There are at least three areas in which
mid-course corrections are needed if standards and assessments are
to support improved education rather than greater inequality:
·
The quality and alignment of
standards, curriculum guidance, and assessments;
·
The appropriate use of assessments to
improve instruction rather than punish students and schools;
·
The development of systems that assure
equal and adequate opportunity to learn.
Below I discuss issues in each of these areas and
then offer an example of a state that has developed a thoughtful
approach to standards-based reform that provides a useful model.
THE QUALITY
AND ALIGNMENT OF STANDARDS, CURRICULUM, GUIDANCE, AND
ASSESSMENTS
Much research has found that high-stakes tests –
particularly when they use limited measures of achievement – can
narrow the curriculum, pushing instruction toward lower order
cognitive skills and distorting the meaning of scores (Klein,
Hamilton, McCaffrey & Stetcher, 2000; Koretz and Barron, 1998;
Koretz, Linn, Dunbar, & Shepard, 1991; Linn, 2000; Linn, Graue,
and Sanders, 1990; Stetcher, Baron, Kaganoff, & Goodwin,
1998). Recent
studies cast doubt on the gains noted on the state tests in Texas,
for example, finding that Texas students have not made comparable
gains on national standardized tests or on the state’s own college
entrance test. These
studies have suggested that teaching to the test may be raising
scores on the state high-stakes test in ways that do not generalize
to other tests that examine a broader set of higher order skills;
that many students are excluded from the state tests to prop up
average scores; and that the tests have been made easier over time
to give the appearance of gains (Haney, 2000; Gordon and Reese,
1997; Hoffman, Assaf, Pennington, & Paris, 1999; Klein et al.,
2000; Stotsky, 1998).
While some states have developed thoughtful
performance-based assessments that challenge students to demonstrate
their thinking and learning in extended tasks and responses,
including some that are embedded in the school curriculum, many
others have settled on multiple choice tests that encourage little
challenging learning and measure few of the standards. Some have adopted
off-the-shelf tests that are unaligned with state standards
altogether, creating a disjuncture between expectations that schools
should teach to the standards and accountability systems that do not
assess the standards.
And the use of norm-referenced tests in some states makes it
impossible to gauge progress accurately, as items are removed from
the test as greater numbers of students can answer them, thus
guaranteeing continuing high rates of failure, especially for
certain subpopulations of students (Haney, 2002).
Early efforts at standards-based reform
demonstrated that it is possible to create thoughtful standards and
educationally productive assessments that are aligned to them.
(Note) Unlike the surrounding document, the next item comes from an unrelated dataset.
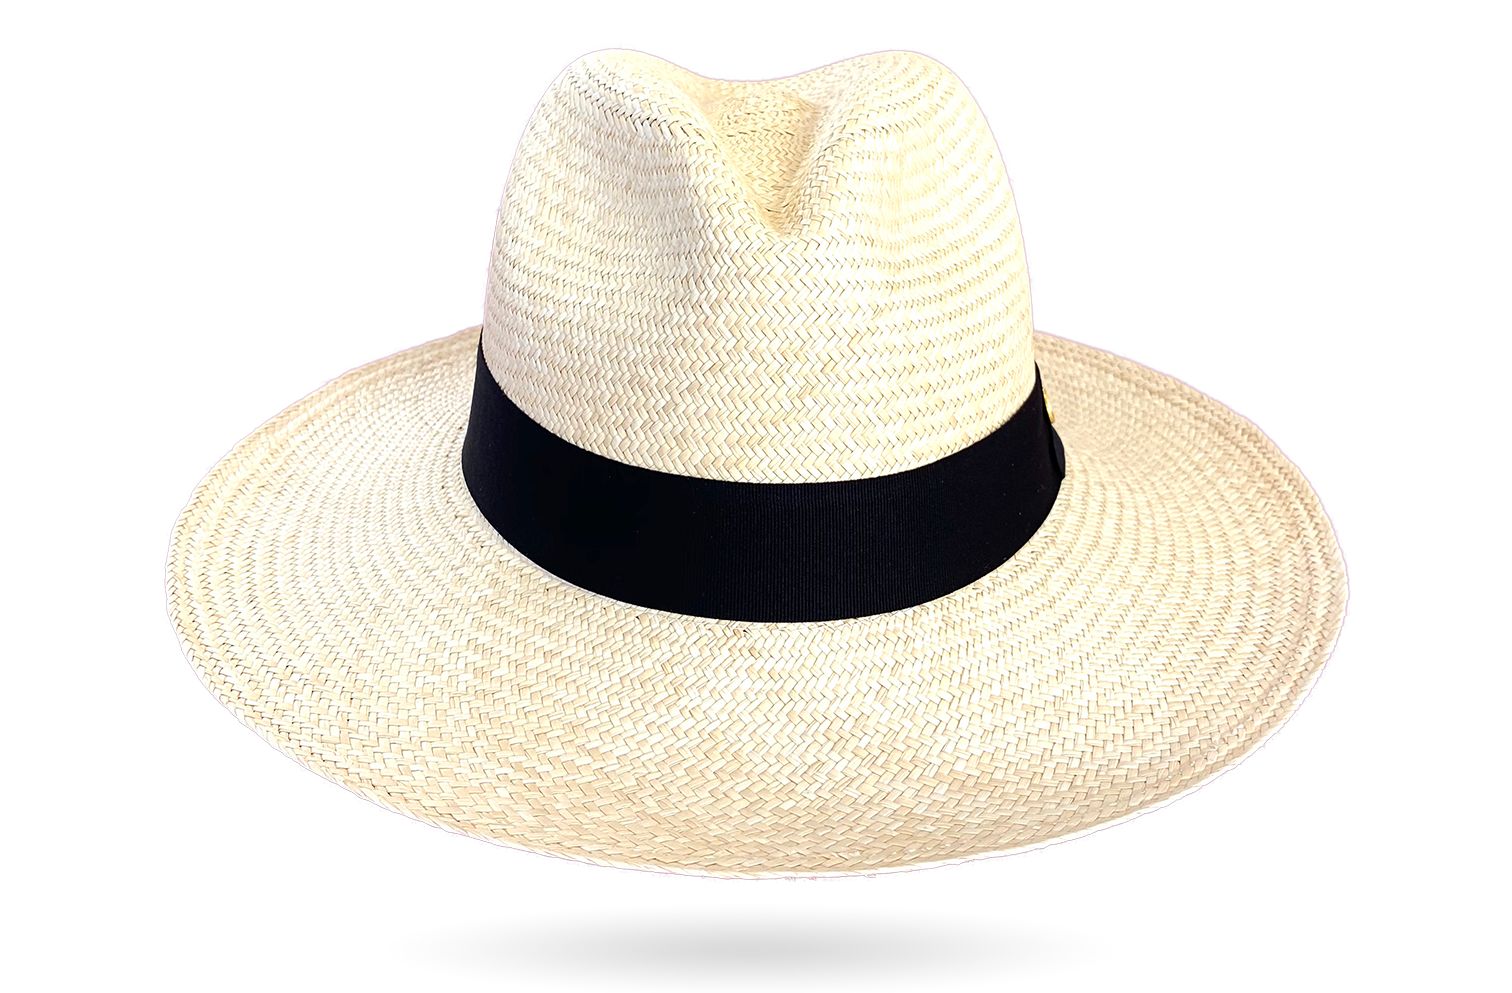 FINE 'VOYAGER' PANAMA HAT ROLLABLE / FOLDABLE WIDE BRIM

Connecticut, Kentucky, Maine, Maryland, Minnesota, Nebraska,
Vermont, and Washington are examples of states that have developed
fairly sophisticated performance-based assessment systems based on
intellectually ambitious standards. They developed their systems
carefully over a sustained period of time and have used them
primarily to inform ongoing school improvement rather than to punish
students or schools. [[1]] Most policy discussions have
treated tests as a “black box.” It would be useful for
analyses to examine these systems and how they operate, so that
others can learn from them.
It would also be useful for state consortia that had once
begun to form to create more thoughtful assessments, such as one
launched by the Council for Chief State School Officers, to renew
their efforts to allow states to collaborate in the development of
standards-based criterion-referenced assessment systems that can
assess the range of abilities suggested by the standards.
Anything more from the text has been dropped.